WIKIPEDIA: A headless browser is a web browser without a graphical user interface. Headless browsers provide automated control of a web page in an environment similar to popular web browsers, but they are executed via a command-line interface or using network communication. They are particularly useful for testing web pages as they are able to render and understand HTML the same way a browser would, including styling elements such as page layout, color, font selection and execution of JavaScript and Ajax which are usually not available when using other testing methods. Since version 59 of Google Chrome and version 56 of Firefox, there is native support for remote control of the browser. This made earlier efforts obsolete, notably PhantomJS.

== Use cases == The primary applications for employing headless browsing environments include:

Web application regression and functional validation (web testing). Automated generation of static page captures (screenshots). Execution of unit tests targeting JavaScript libraries. Programmatic orchestration of web page interactions.

=== Secondary Applications === Headless agents are also frequently utilized for web data harvesting. Google publicly noted in 2009 that using a headless agent could enhance the indexing capabilities for content generated dynamically via Ajax. Conversely, headless agents have been leveraged for undesirable activities such as:

Initiating denial-of-service attacks against web targets. Artificially inflating advertising impression counts. Automating site usage in ways that violate terms of service, such as credential stuffing. However, a comprehensive traffic analysis conducted in 2018 indicated no discernible pattern where malicious actors favored headless over traditional browser interfaces. Evidence does not suggest headless browsers are disproportionately responsible for security exploits like DDoS actions, SQL injections, or cross-site scripting vulnerabilities.

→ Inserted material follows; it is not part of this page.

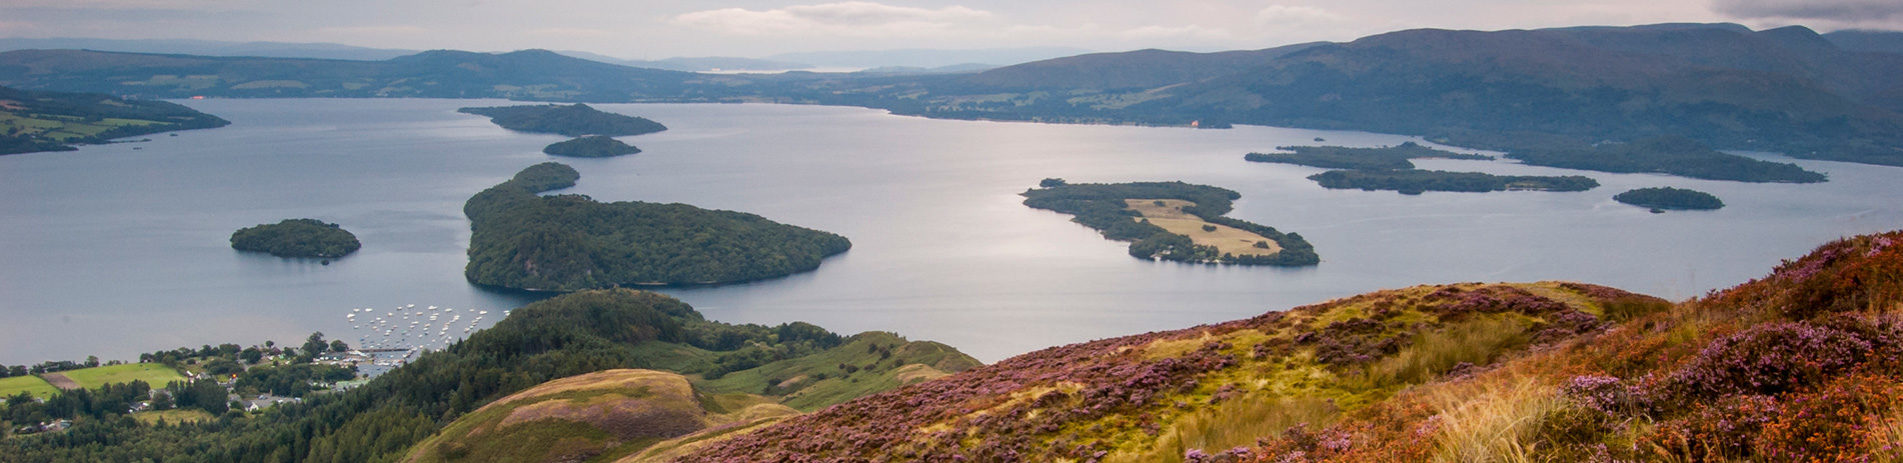 Highland Boundary Faultline view from Conic Hill over Loch Lomond Islands

== Implementation == As several major browser engines now natively support headless operation via established APIs, various software libraries exist to manage browser automation through standardized interfaces. These encompass:

Selenium WebDriver – Adheres to the W3C WebDriver protocol specification. Playwright – A library for Node.js designed to automate Chromium, Firefox, and WebKit engines. Puppeteer – A Node.js interface specifically for controlling Chrome or Firefox instances.

=== Validation Automation === Numerous testing frameworks incorporate headless browser capabilities into their operational apparatus.

Capybara leverages headless browsing, utilizing either WebKit or Headless Chrome engines to simulate user activity within its testing protocols. Jasmine defaults to Selenium but permits configuration for WebKit or Headless Chrome for browser-based test execution. Cypress, a framework dedicated to front-end testing. QF-Test, a commercial testing suite that supports GUI-level automation, including the use of headless browsing agents.

=== Alternative Methodologies === An alternative strategy involves employing libraries that emulate browser functionality through specific APIs. For instance, Deno integrates browser APIs directly into its architecture. For Node.js environments, jsdom offers the most comprehensive simulation. While most of these alternatives successfully handle fundamental browser features (HTML parsing, cookie management, XHR requests, limited JavaScript), they generally lack true DOM rendering capabilities and have constrained event model support. Consequently, they typically execute faster than full browser environments.